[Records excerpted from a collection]
+++

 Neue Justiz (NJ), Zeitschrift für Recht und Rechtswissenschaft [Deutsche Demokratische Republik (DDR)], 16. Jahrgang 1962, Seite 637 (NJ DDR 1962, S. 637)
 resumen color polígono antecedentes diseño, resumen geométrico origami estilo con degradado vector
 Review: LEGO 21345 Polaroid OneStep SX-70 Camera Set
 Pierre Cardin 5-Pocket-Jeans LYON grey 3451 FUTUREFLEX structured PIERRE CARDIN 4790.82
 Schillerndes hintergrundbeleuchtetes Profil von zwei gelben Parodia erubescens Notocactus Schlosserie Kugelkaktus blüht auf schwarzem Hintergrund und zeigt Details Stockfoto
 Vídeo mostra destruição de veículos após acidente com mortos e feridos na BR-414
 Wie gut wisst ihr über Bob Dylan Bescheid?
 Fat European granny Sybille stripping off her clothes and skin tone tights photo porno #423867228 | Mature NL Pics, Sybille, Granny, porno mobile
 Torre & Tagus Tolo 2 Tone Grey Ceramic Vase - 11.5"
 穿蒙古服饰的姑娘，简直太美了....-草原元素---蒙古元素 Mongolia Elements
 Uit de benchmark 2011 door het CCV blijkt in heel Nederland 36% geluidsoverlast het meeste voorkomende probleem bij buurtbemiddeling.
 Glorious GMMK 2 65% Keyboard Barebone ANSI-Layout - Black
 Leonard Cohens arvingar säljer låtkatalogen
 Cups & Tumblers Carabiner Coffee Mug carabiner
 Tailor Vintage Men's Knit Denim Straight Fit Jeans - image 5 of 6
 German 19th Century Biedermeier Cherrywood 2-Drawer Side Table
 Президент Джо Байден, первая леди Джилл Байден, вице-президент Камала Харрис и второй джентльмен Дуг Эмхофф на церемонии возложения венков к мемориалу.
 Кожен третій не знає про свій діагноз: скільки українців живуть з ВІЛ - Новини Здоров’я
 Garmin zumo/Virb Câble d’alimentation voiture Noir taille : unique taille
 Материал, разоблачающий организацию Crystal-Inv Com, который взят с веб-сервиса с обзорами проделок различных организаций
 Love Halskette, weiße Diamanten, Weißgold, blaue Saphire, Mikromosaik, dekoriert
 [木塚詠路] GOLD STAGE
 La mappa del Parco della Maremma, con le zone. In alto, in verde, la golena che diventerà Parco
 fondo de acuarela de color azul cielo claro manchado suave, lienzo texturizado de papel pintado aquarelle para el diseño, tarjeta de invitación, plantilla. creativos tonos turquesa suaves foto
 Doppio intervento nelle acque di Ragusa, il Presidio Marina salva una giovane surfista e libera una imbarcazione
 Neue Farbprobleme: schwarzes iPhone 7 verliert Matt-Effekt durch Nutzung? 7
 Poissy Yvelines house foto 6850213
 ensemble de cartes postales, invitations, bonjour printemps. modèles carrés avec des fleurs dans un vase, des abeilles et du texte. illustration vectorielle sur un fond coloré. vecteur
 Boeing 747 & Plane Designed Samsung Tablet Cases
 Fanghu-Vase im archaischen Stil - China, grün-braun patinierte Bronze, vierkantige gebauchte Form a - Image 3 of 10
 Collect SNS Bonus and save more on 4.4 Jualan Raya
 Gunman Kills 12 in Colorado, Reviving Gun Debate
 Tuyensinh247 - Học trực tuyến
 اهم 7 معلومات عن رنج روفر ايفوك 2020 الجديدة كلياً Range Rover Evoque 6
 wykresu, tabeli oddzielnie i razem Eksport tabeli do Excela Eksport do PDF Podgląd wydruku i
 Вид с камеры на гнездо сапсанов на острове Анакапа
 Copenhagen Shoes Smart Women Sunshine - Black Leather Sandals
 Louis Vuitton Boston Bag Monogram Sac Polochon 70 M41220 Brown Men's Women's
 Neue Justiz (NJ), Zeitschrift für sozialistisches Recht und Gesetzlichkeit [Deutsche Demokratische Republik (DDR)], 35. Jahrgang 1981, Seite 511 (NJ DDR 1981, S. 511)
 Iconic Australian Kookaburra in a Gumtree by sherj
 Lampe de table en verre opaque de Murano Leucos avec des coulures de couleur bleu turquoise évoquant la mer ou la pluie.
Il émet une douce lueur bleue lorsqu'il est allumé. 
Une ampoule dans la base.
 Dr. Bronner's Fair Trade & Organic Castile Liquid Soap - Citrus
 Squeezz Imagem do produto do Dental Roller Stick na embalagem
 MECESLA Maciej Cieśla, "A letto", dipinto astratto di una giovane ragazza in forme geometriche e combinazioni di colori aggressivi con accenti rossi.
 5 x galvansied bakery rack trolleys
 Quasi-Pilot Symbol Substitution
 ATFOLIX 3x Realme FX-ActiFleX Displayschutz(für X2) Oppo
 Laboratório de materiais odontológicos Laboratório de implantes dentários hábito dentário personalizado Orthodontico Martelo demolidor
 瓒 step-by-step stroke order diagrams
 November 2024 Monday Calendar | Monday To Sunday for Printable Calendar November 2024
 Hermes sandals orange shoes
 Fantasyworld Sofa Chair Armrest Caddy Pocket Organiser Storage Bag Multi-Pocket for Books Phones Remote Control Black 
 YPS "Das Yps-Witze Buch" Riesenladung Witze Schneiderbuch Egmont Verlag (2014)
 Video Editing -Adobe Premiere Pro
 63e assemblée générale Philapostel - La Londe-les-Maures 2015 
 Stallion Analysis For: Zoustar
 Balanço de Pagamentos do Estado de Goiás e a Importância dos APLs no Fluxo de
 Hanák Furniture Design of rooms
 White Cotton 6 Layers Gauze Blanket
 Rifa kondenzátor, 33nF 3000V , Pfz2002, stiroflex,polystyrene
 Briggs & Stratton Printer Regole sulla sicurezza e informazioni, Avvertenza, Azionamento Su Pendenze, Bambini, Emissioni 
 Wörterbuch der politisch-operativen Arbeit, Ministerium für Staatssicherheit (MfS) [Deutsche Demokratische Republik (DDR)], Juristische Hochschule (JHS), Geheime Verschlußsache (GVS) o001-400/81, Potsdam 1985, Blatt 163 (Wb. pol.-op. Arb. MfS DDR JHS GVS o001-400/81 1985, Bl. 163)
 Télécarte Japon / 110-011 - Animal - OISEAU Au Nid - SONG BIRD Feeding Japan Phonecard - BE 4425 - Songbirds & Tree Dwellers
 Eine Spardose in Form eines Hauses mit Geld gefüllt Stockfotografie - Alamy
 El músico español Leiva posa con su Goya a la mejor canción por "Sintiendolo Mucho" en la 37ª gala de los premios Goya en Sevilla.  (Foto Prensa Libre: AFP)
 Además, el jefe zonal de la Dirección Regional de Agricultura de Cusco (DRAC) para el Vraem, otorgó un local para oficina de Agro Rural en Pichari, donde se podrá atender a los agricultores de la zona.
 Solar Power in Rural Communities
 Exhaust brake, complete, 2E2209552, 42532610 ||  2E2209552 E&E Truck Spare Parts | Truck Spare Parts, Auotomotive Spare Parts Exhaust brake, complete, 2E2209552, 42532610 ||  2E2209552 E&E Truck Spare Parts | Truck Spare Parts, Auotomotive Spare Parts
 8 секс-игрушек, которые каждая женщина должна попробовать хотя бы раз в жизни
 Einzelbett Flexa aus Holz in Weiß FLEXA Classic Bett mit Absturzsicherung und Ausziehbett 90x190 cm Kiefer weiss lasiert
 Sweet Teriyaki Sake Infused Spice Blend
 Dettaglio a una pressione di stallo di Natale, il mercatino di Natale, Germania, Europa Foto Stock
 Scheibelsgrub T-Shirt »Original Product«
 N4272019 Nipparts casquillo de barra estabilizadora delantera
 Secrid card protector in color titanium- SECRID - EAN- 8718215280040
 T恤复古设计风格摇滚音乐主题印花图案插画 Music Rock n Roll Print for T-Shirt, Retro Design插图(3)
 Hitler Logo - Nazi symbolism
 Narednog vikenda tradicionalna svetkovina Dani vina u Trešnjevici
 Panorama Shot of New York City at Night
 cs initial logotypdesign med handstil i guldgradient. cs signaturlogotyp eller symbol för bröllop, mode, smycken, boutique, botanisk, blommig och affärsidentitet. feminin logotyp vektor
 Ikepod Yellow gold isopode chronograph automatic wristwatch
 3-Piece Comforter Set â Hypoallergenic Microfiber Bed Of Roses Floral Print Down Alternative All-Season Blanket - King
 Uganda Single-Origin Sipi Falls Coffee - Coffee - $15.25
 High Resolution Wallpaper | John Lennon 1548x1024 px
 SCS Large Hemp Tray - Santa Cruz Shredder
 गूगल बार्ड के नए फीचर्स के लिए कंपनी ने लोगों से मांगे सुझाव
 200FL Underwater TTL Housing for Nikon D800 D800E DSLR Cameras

+++

# What to work on
Report only the number of lines, among the records above, that contain the word "dans".

# Worked solution
2